- **Exercise directions**
Although the data below contains pictures, output only the lines between those holding "Essay on Spanking" and "Decorating Your Rooms with Lights", inclusive, exactly and without those pictures.

- **Data extract**
########

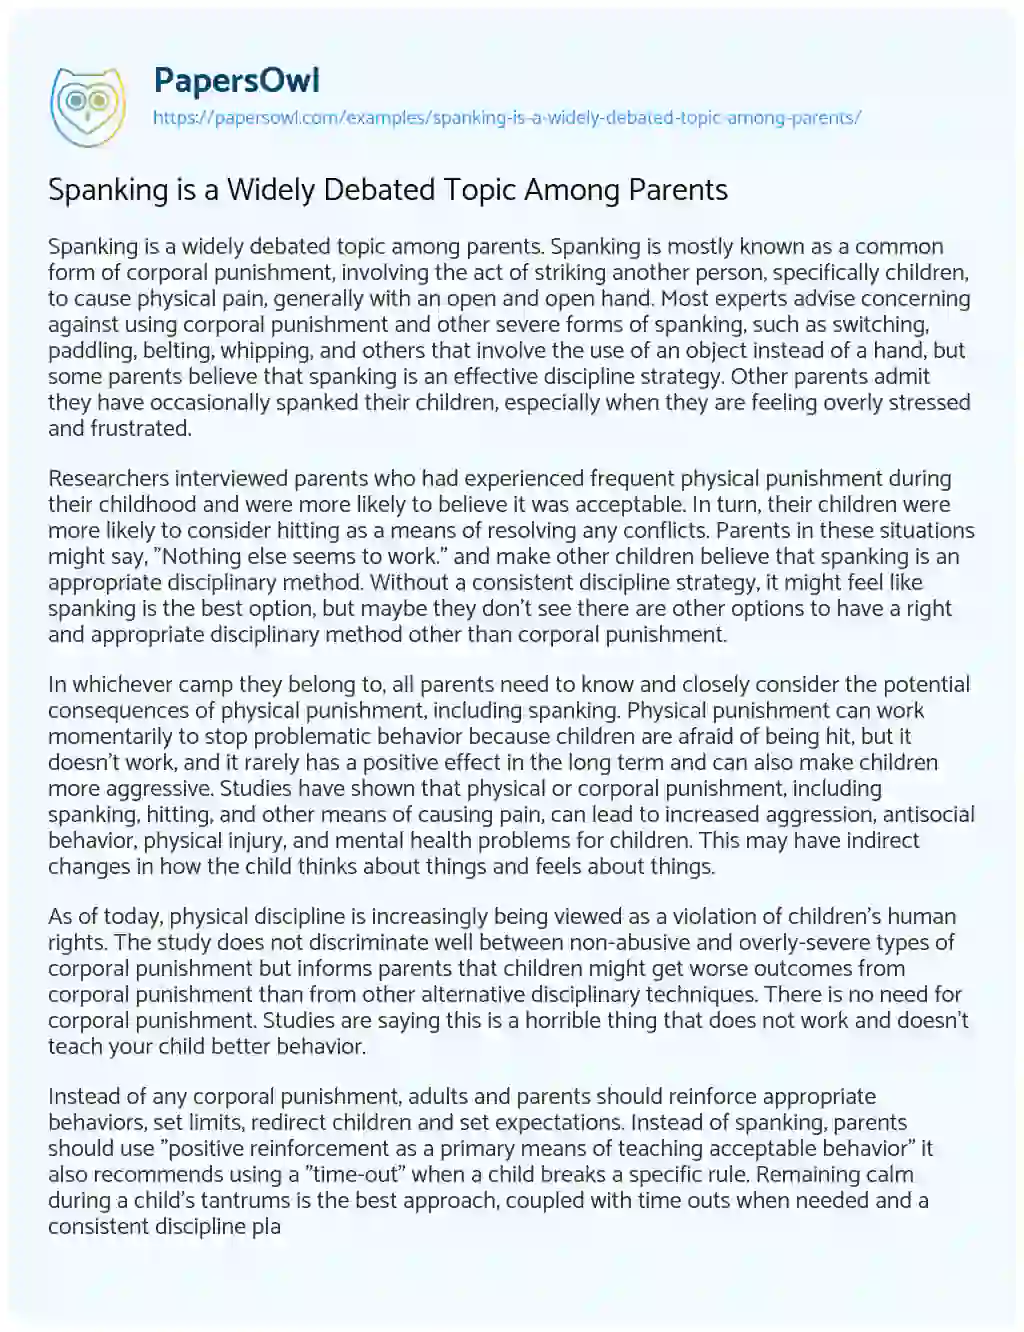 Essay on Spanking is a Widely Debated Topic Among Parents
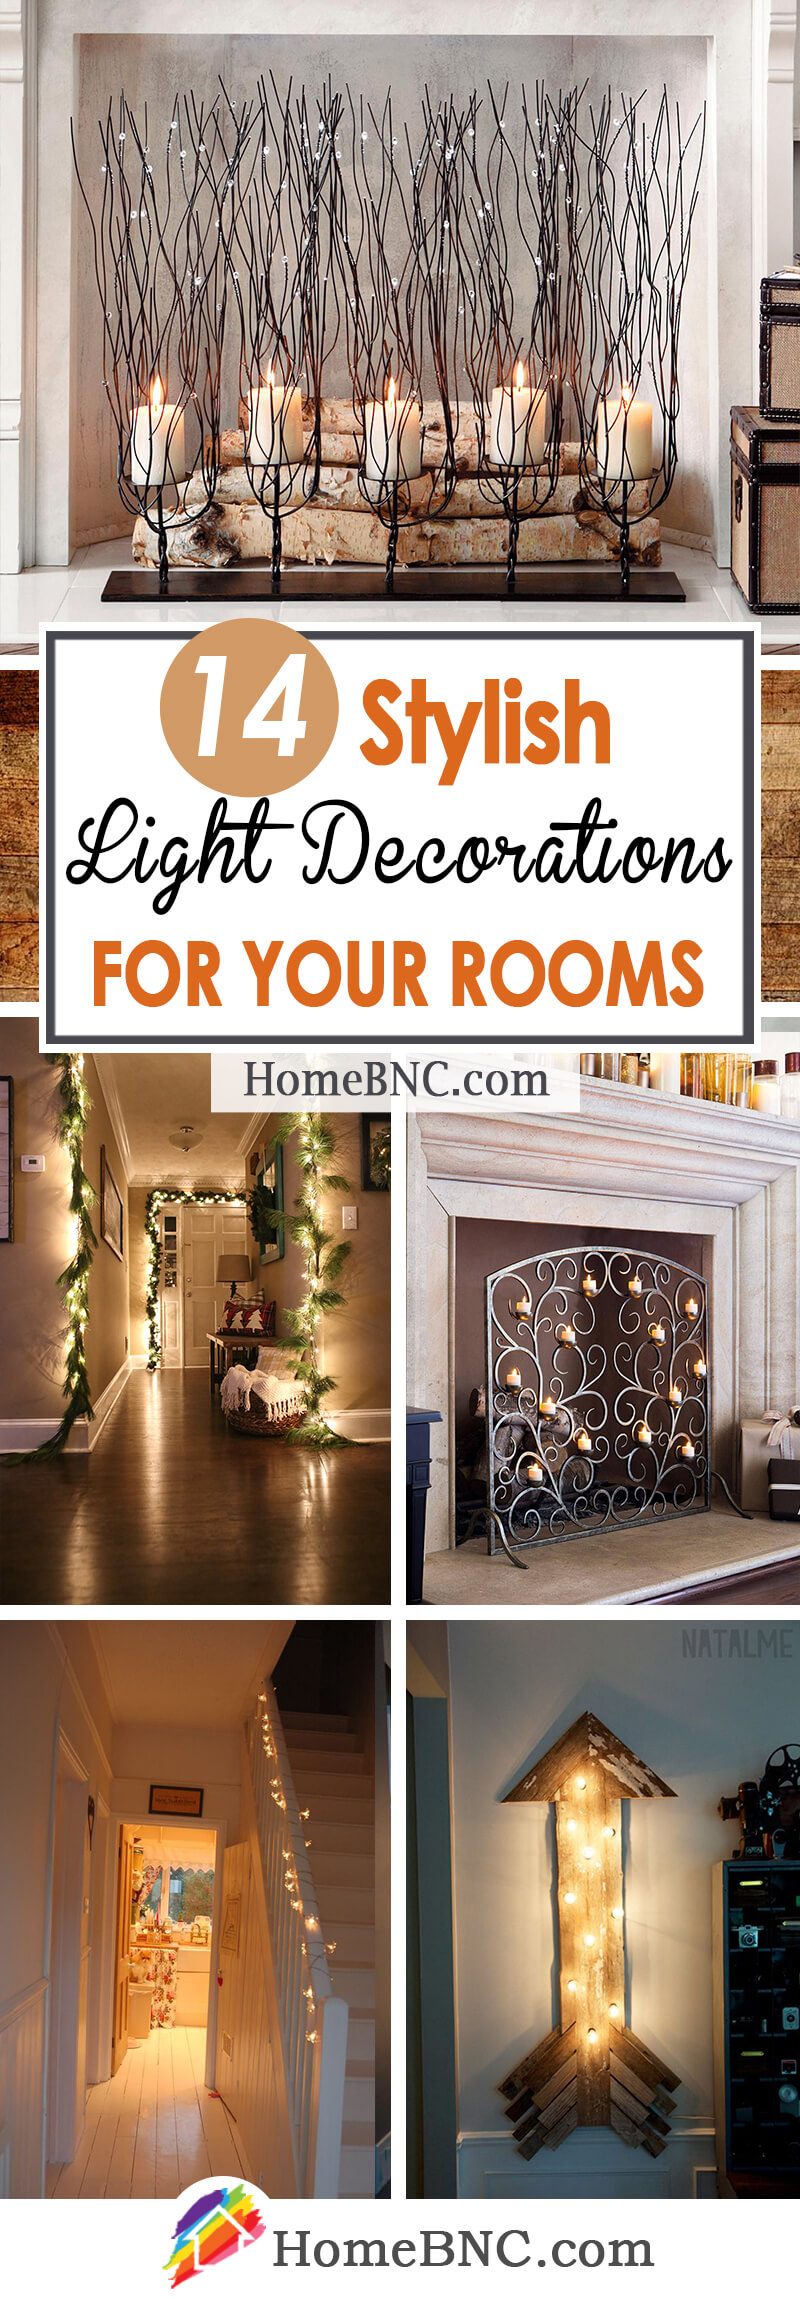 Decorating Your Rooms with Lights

########

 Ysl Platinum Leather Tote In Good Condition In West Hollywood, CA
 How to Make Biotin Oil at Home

########

- **Response area**
 Essay on Spanking is a Widely Debated Topic Among Parents
 Decorating Your Rooms with Lights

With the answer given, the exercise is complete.